# Mission Mode gets added to CTGP-7 on Mario Kart 7's 10th anniversary



## LightBeam (Dec 1, 2021)

Missions were actually really cool in MKDS. A bit surprised they never implemented that in any other game so that's a nice thing to have in MK7


----------



## Osakasan (Dec 1, 2021)

LightBeam said:


> Missions were actually really cool in MKDS. A bit surprised they never implemented that in any other game so that's a nice thing to have in MK7


They implemented a variant on Mario Kart Wii where you had to download missions twice in a month.


----------



## westwood (Dec 1, 2021)

So will this be fully compatible with Citra ?


----------



## PabloMK7 (Dec 1, 2021)

westwood said:


> So will this be fully compatible with Citra ?


The full version of CTGP-7 only works on real console.


----------



## AdenTheThird (Dec 1, 2021)

This is incredible! Following this mod from when it was just a teeny beta to this incredible community-made behemoth of courses, custom characters, and features, has been an absolute joy. HUGE THANK YOU to all devs of CTGP-7 and especially @PabloMK7 !!!


----------



## Lostbhoy (Dec 1, 2021)

Wow this is so cool! I loved the missions on DS this is a fantastic early Christmas present!

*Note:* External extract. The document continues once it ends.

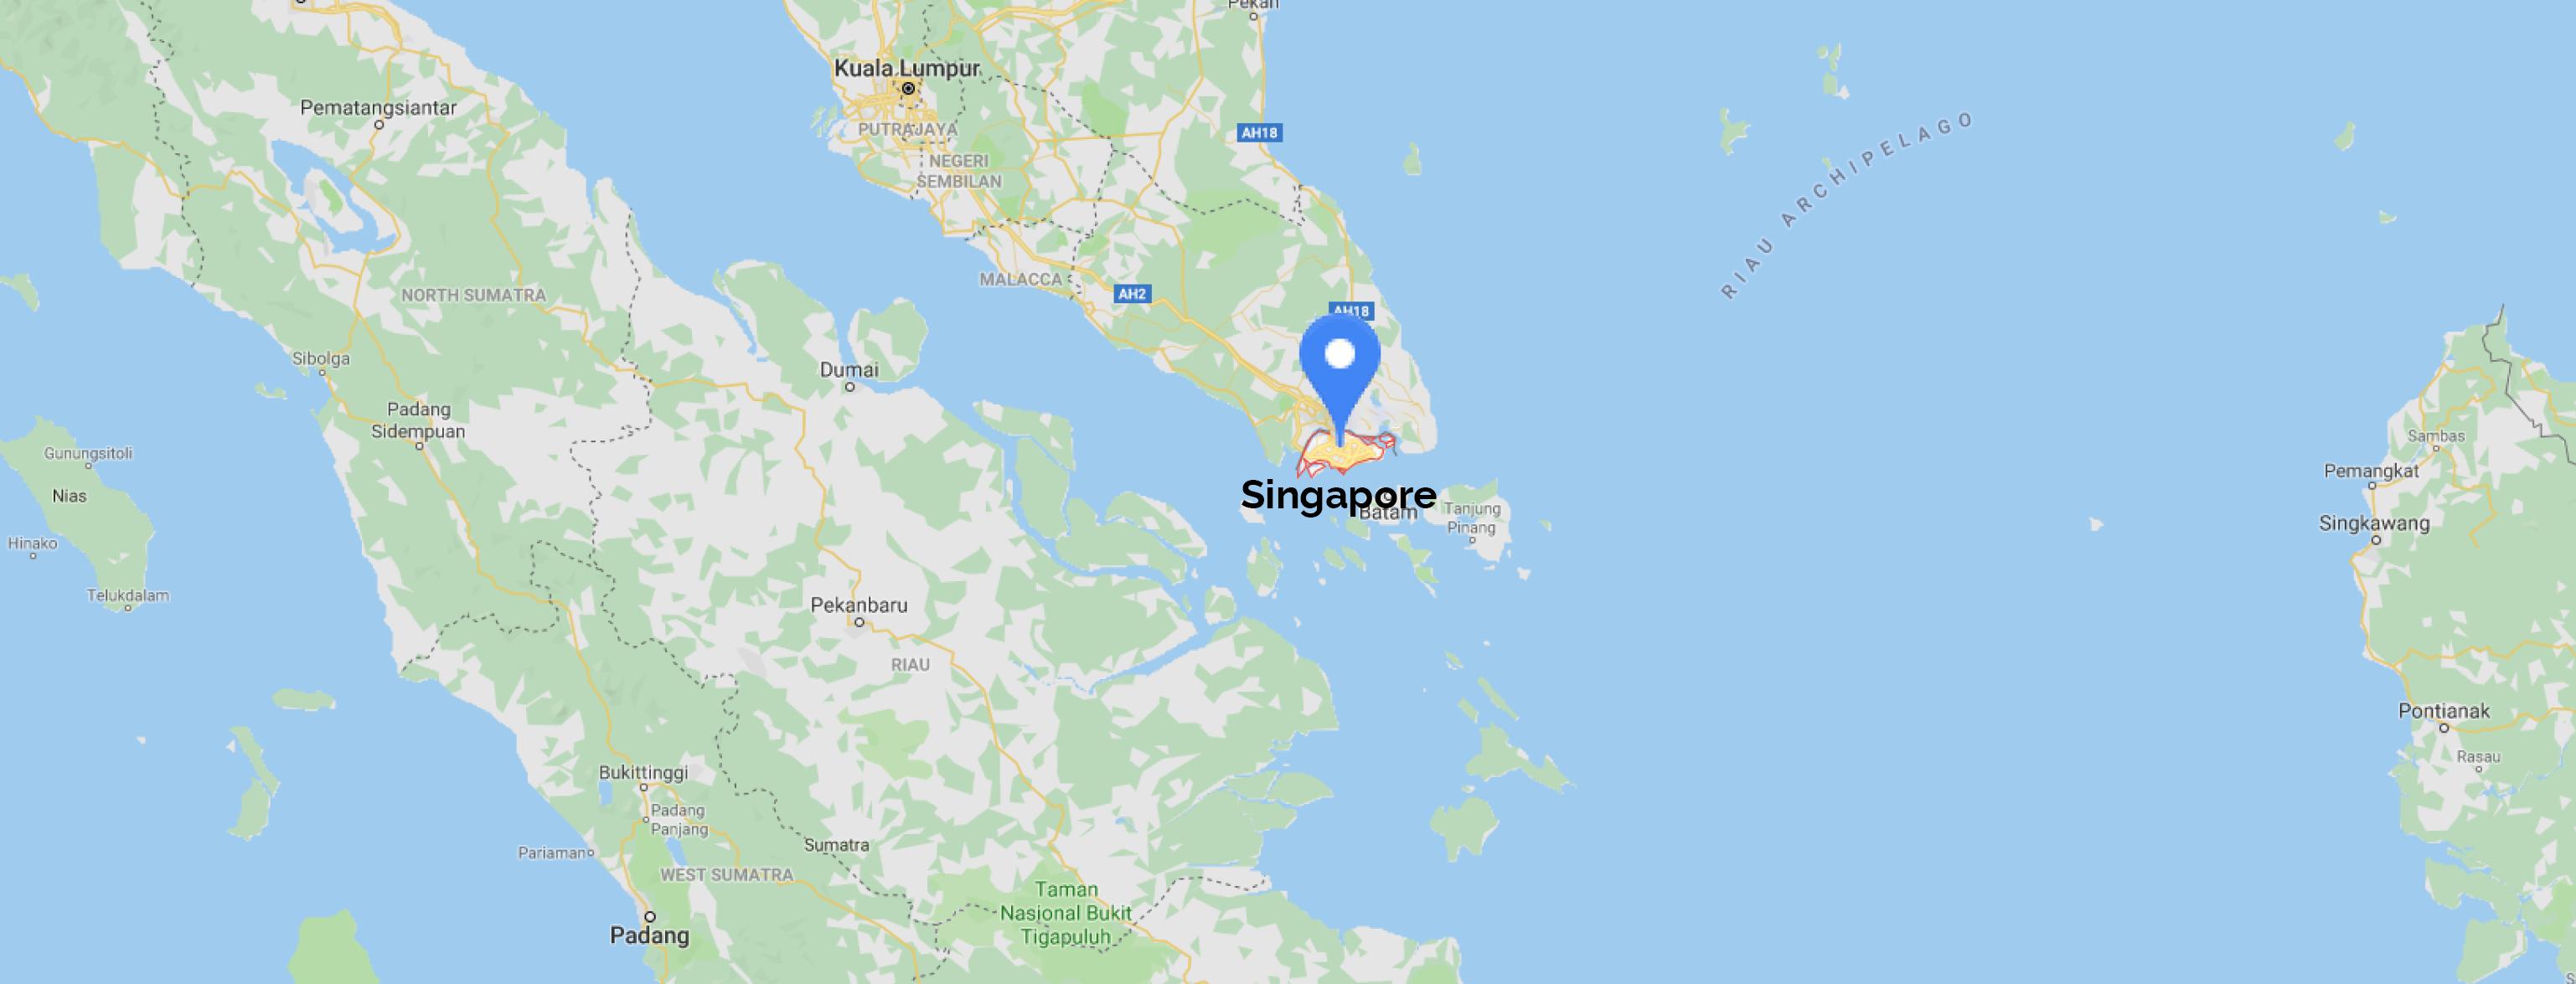 singapore map

Massive thanks to the devs involved in this project!


----------



## MikaDubbz (Dec 1, 2021)

Damn this is awesome, I'm always amazed when entire new modes are added into a game from the modding community. Gives me hope that one day maybe someone will add multiplayer Smash Run into Ultimate, that'd be so amazing.


----------



## Frankbel (Dec 1, 2021)

It seems much better than the original game. I have to try this out.


----------



## WG481 (Dec 1, 2021)

*Let's fetching go*


----------



## 1B51004 (Dec 1, 2021)

Happy 10th Mario Kart 7, and thank you CTGP-7 team!


----------



## FanNintendo (Dec 1, 2021)

wow i didnt know it was 10 years  im so thankful to have it on my New 3DSXL couple years ago and still loving it with no issues also still playable online. CTGP-7 ROCKS!


----------



## Something whatever (Dec 1, 2021)

time to dust off my old NEW 3ds


----------



## Homlet (Dec 1, 2021)

PabloMK7 said:


> It was December 1st 2011 when Mario Kart 7


----------



## DudderButter (Dec 2, 2021)

This is so neat! Imagine CTGPR for MKWii getting a major update as well!


----------



## raxadian (Dec 2, 2021)

This is awesome.


----------



## ixo (Dec 2, 2021)

Can’t wait!


----------



## Ampersound (Dec 2, 2021)

I have never played the mod before, but i might take the plunge when missions release.
Always enjoyed them in MKDS.


----------



## Bladexdsl (Dec 2, 2021)

amazed this hasn't beeen DMCA'D 'd yet they pretty much did it to every other mod.


----------



## Unia4L (Dec 2, 2021)

Hats off to the CTGP-7 team and contributors. My favorite Mario Kart game might need to be played on December 4th at 5pm


----------



## Stefano_Lassandro (Dec 6, 2021)

That's truly amazing work!


----------



## FanNintendo (Dec 12, 2021)

Nice features and  added more tracks  2 from Diddy Kong Racing tracks  and 6 more new tracks


----------